[What the task requires] The expected result is an exact copy of the lines from the one holding "El Presidente peruano, Ollanta" to the last line of the material, with pictures removed and nothing added.

[Recorded data]

○ ○ ○

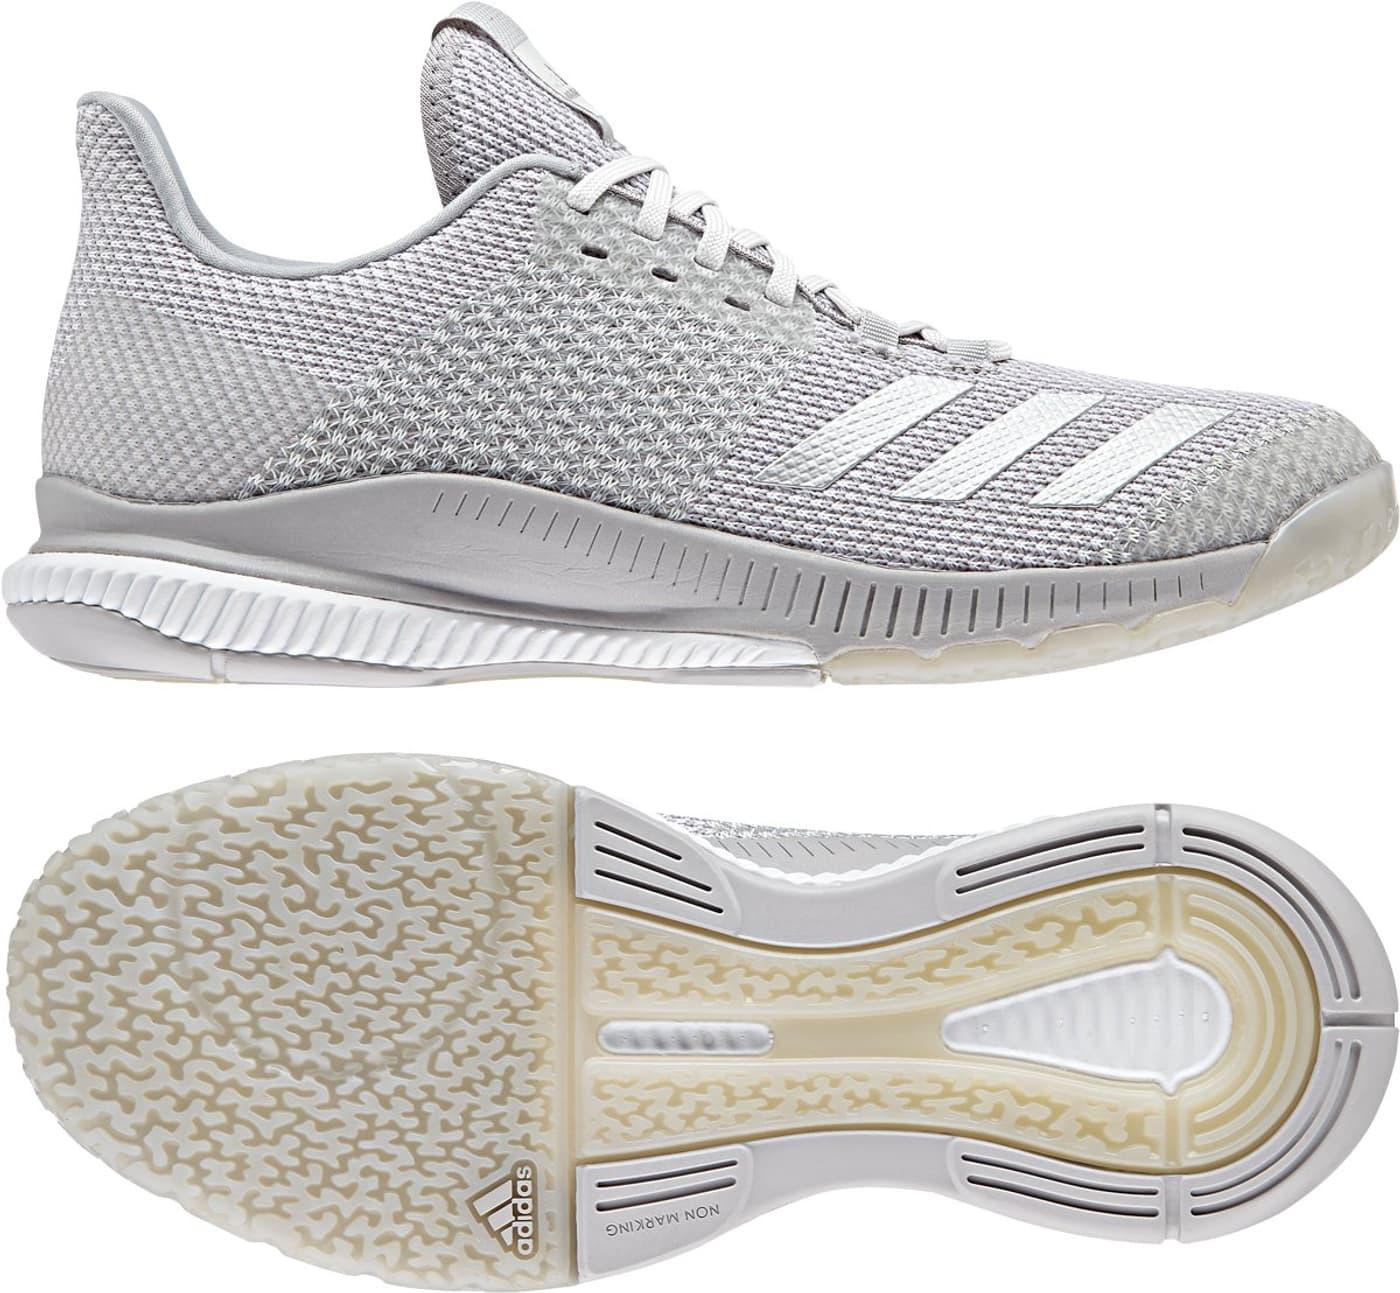 Adidas Crazyflight Bounce 2 Chaussures d'intérieur pour femme
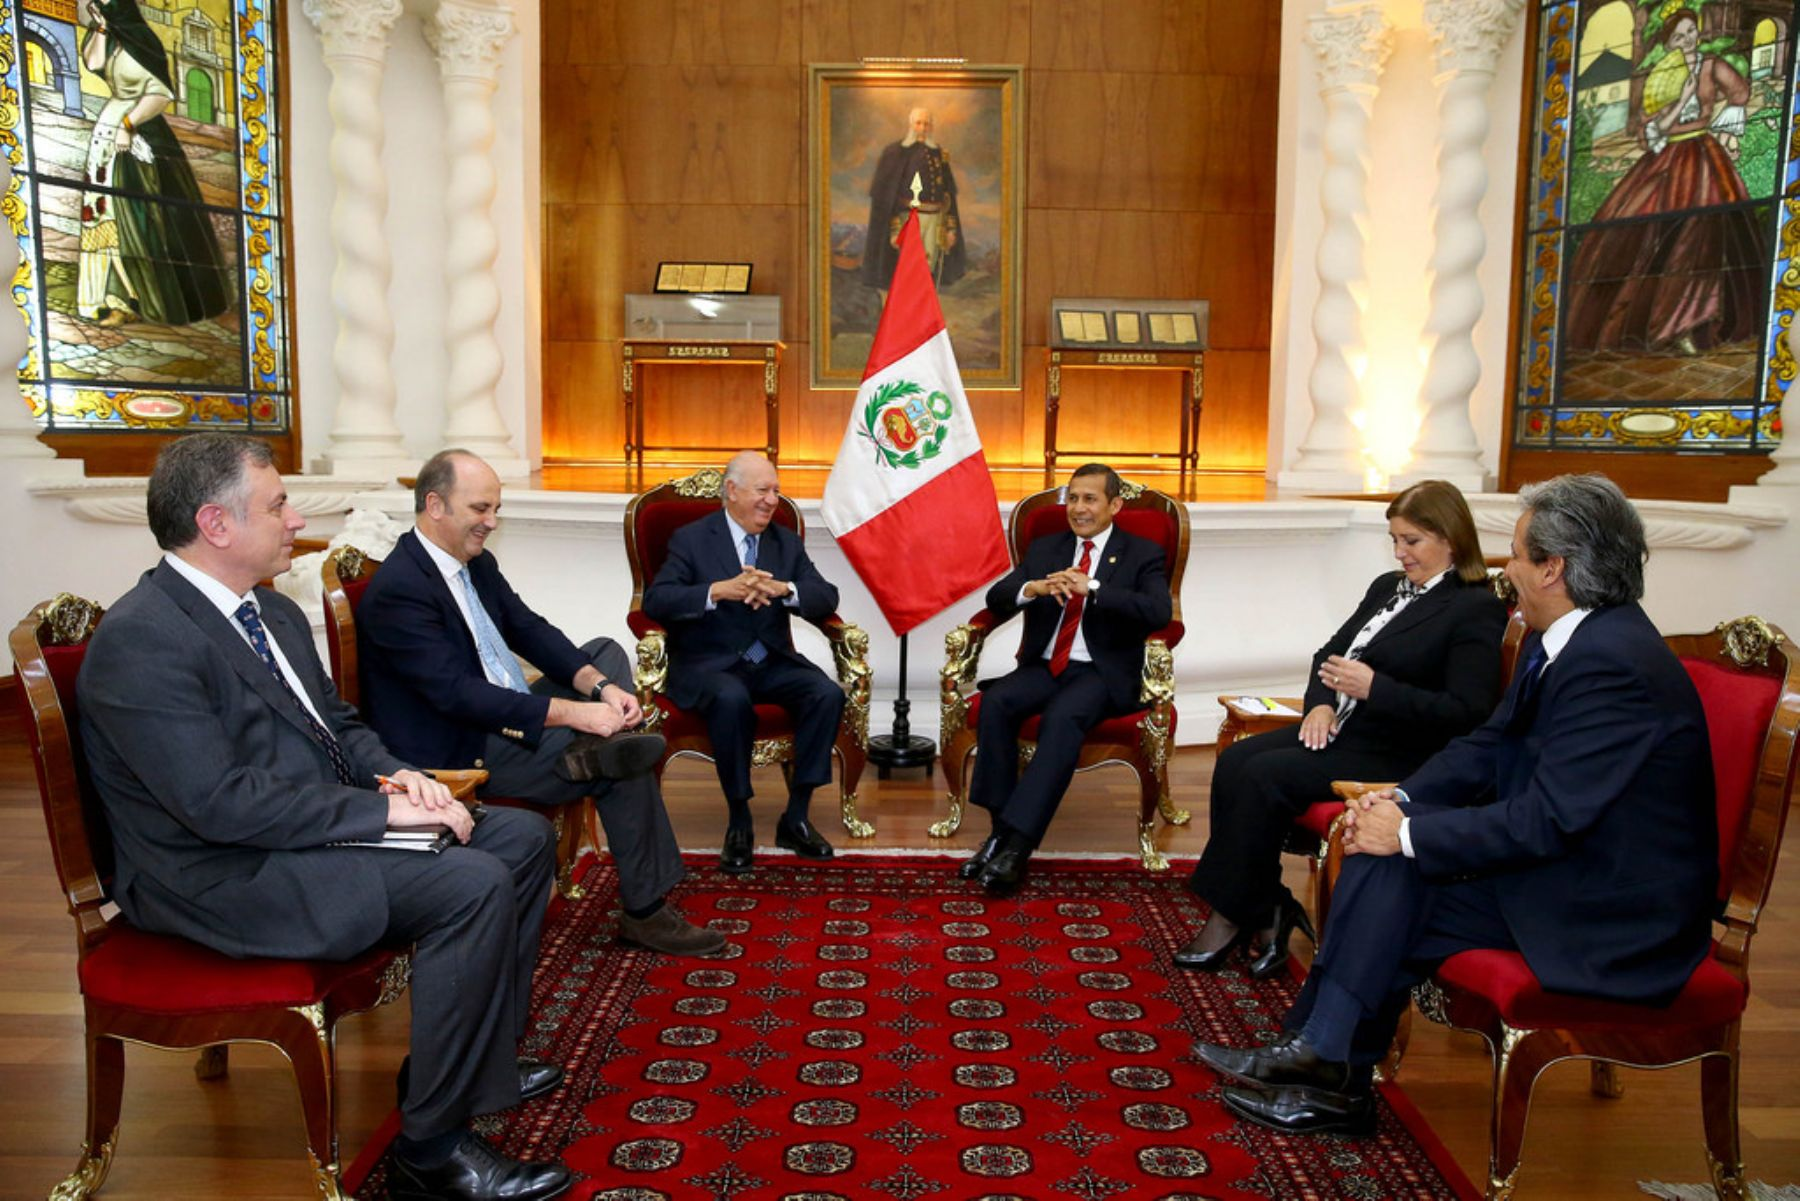 El Presidente peruano, Ollanta Humala Tasso, recibe al exmandatario chileno Ricardo Lagos en una audiencia en Palacio de Gobierno. Foto: ANDINA/Presidencia.
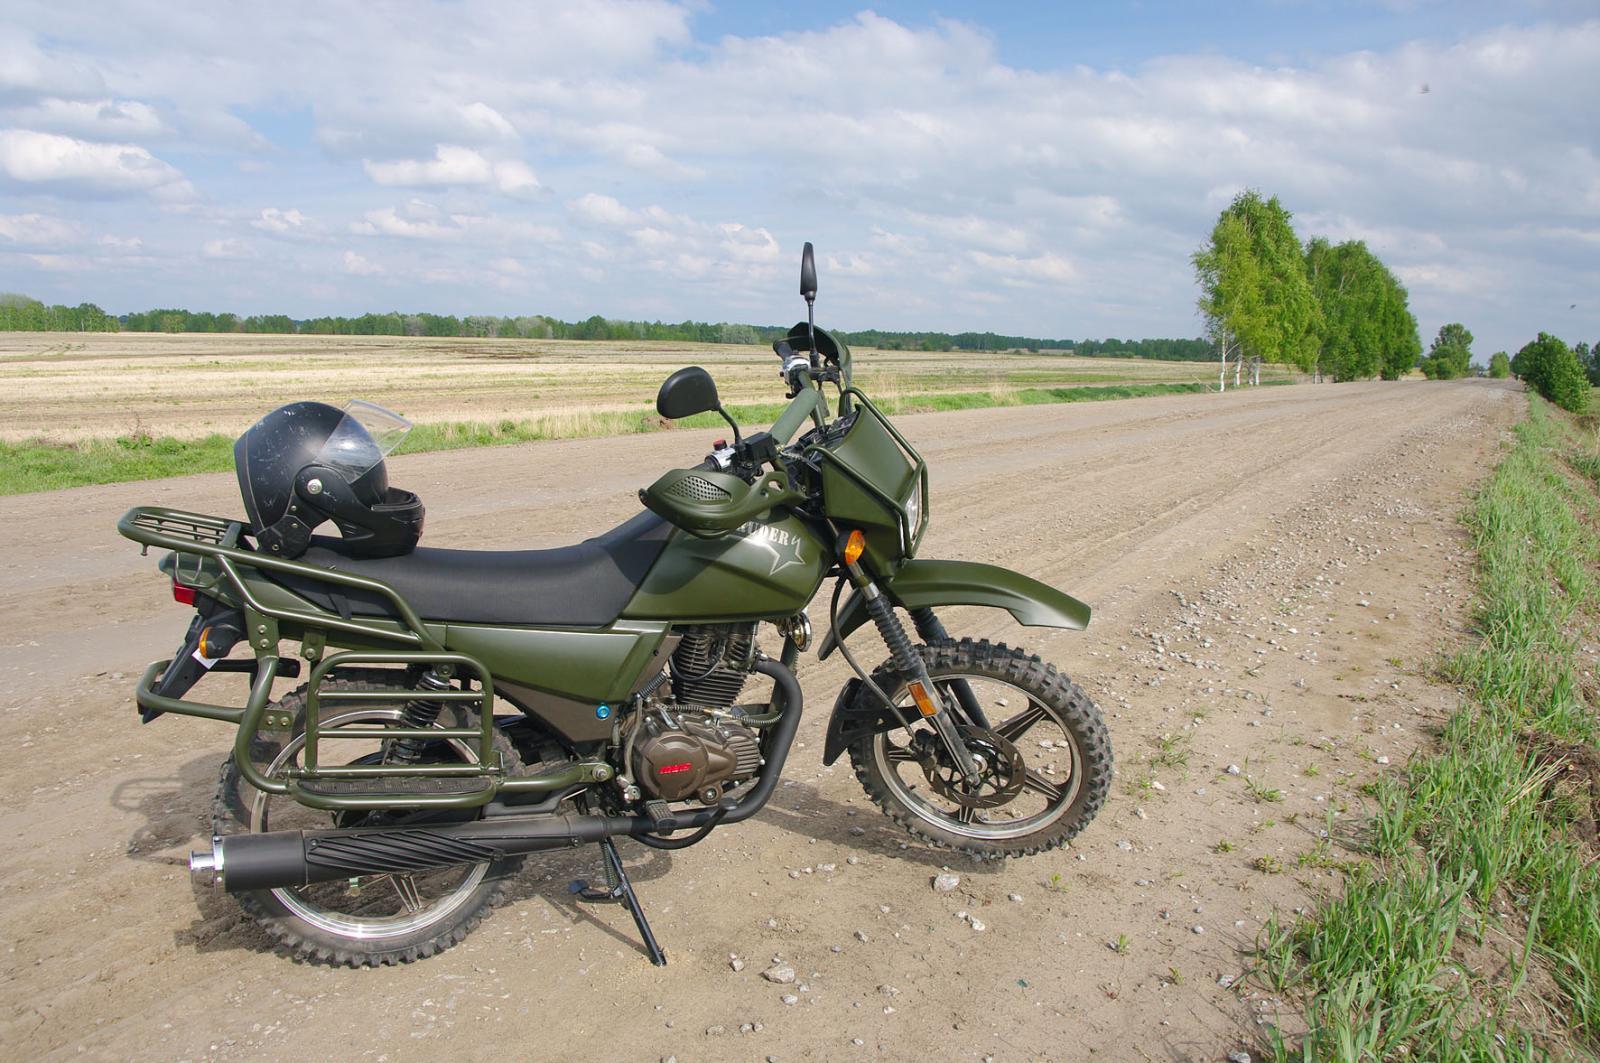 Ирбис Интрудер 200: транспорт по-деревенски

○ ○ ○

[Written answer]
 El Presidente peruano, Ollanta Humala Tasso, recibe al exmandatario chileno Ricardo Lagos en una audiencia en Palacio de Gobierno. Foto: ANDINA/Presidencia.
 Ирбис Интрудер 200: транспорт по-деревенски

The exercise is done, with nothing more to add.